Roubini’nin işaret ettiği ikilem küresel bir mesele haline geldi. Neredeyse bütün ülkeler benzer bir sorunla karşı karşıya. Enflasyon kaygısıyla Fed son 20 yılın en sert faiz artırımlarını yapıyor ama Roubini gibi iktisatçılar bunu yeterli bulmuyor. Yükselen faizlere rağmen faiz oranlarının hala negatif bölgede olması, yani enflasyonun altında seyretmesi enflasyonu besleyen ortamı yaratan önemli bir faktör. Buna ek olarak da bazı emtiaların fiyatlarında artışa neden olan jeopolitik gelişmeler de enflasyonu bir üst platoya taşıyor.
Türkiye ayrıştı
Türkiye ise hem enflasyonun ulaştığı seviye, hem negatif faizlerin yüksekliği hem de Merkez Bankası’nın tüm bu gelişmelere verdiği reaksiyon ile diğer ülkelerden olumsuz bir şekilde ayrışıyor.
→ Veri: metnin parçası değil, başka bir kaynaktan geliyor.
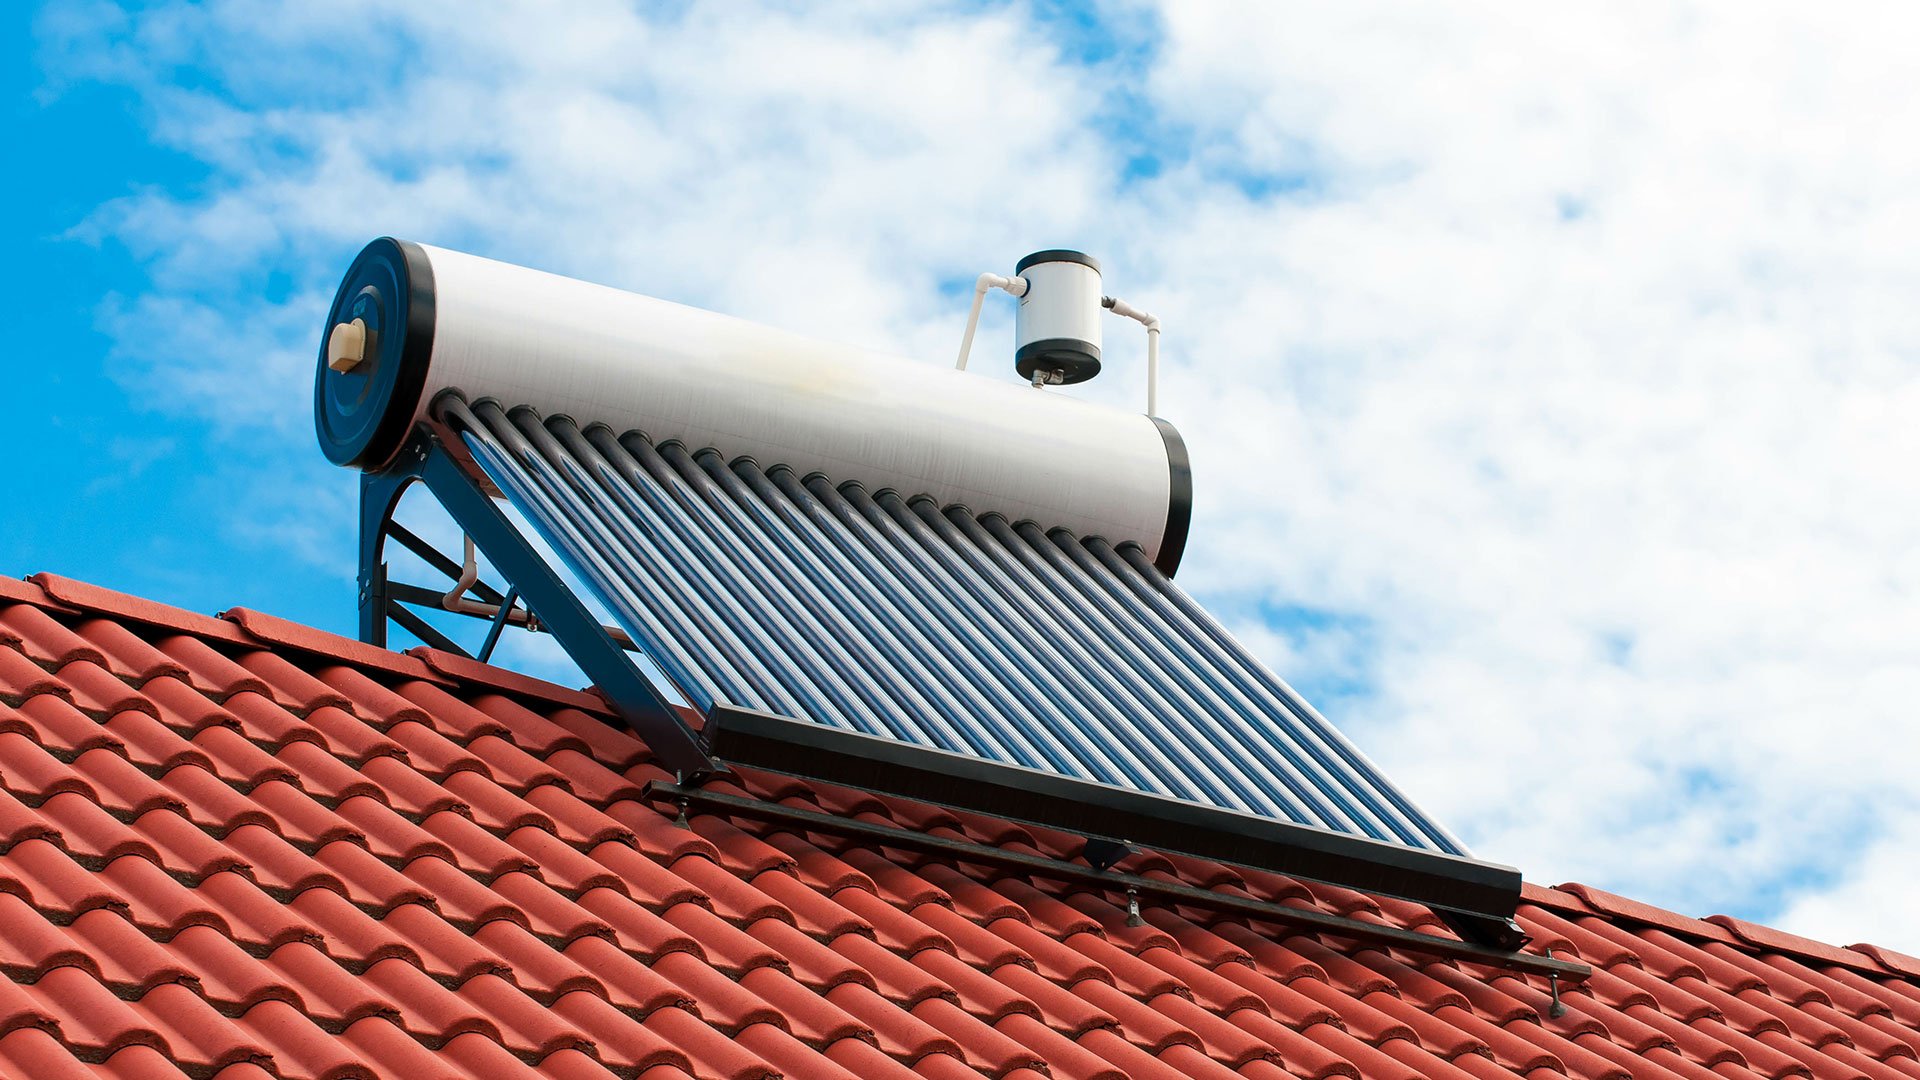 panele fotowoltaiczne do grzania wody zainstalowane na dachu domu

Oysa gidişat çok öngörülemez değil. ABD’de Roubini gibi iktisatçılar geçmiş yıllara bakıyor ve “resesyon kaçınılmaz” diyor. Çünkü geçmişte ne zaman ki enflasyonun yüzde 5’i aştığı ve işsizlik oranının yüzde 5’in altına indiği bir sırada Fed faiz artırımına başlamışsa sürecin sonu resesyon ile son bulmuş. Sonunda enflasyon makul seviyelere inmiş ve ekonomi bir süre sonra tekrar büyüme trendine girmiş.
Geçen yıl bu zamanlar enflasyondaki yükselişin geçici olduğunu öne süren merkez bankaları bile artık bu bakışlarını terk etmiş durumdular. Herkes enflasyonla mücadeleyi odak noktasına alarak harekete geçmiş durumda. Buradaki risk, faizlerin yeterince artırılamaması halinde enflasyonun yüksek kaldığı ve ekonominin ise durgunluğa girdiği bir durumun, yani stagflasyonun yaşanmasıdır.
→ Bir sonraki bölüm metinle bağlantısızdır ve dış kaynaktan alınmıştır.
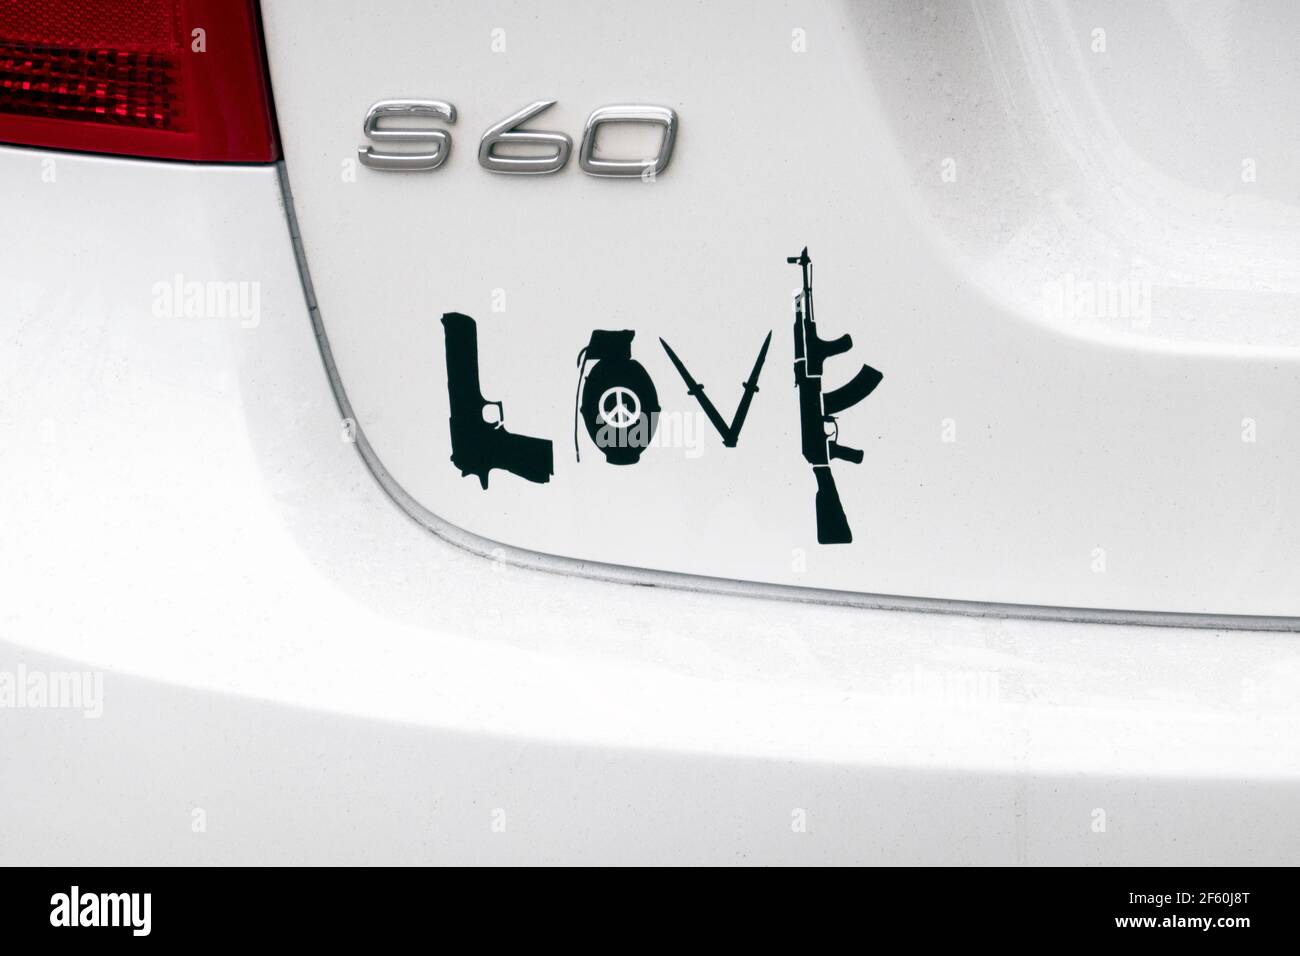 Ein gemischter Aufkleber auf der Rückseite eines geparkten Autos - Liebe, Frieden, Waffen, Granaten und Sturmgewehre. In Flushing, Queens, New York City. Stockfoto

Benim gördüğüm kadarıyla birçok ülkede enflasyonla mücadelenin temel öncelik olduğu ve bunun için gerekirse büyümeden kısa vadede taviz verileceği bir döneme girdik. Türkiye’de ise hiper enflasyona rağmen faiz gibi önemli bir enstrümanın rafa kaldırıldığı, sıkılaştırma ve genişleme adımlarının bir arada atıldığı, karmaşık ve garip bir dönemdeyiz.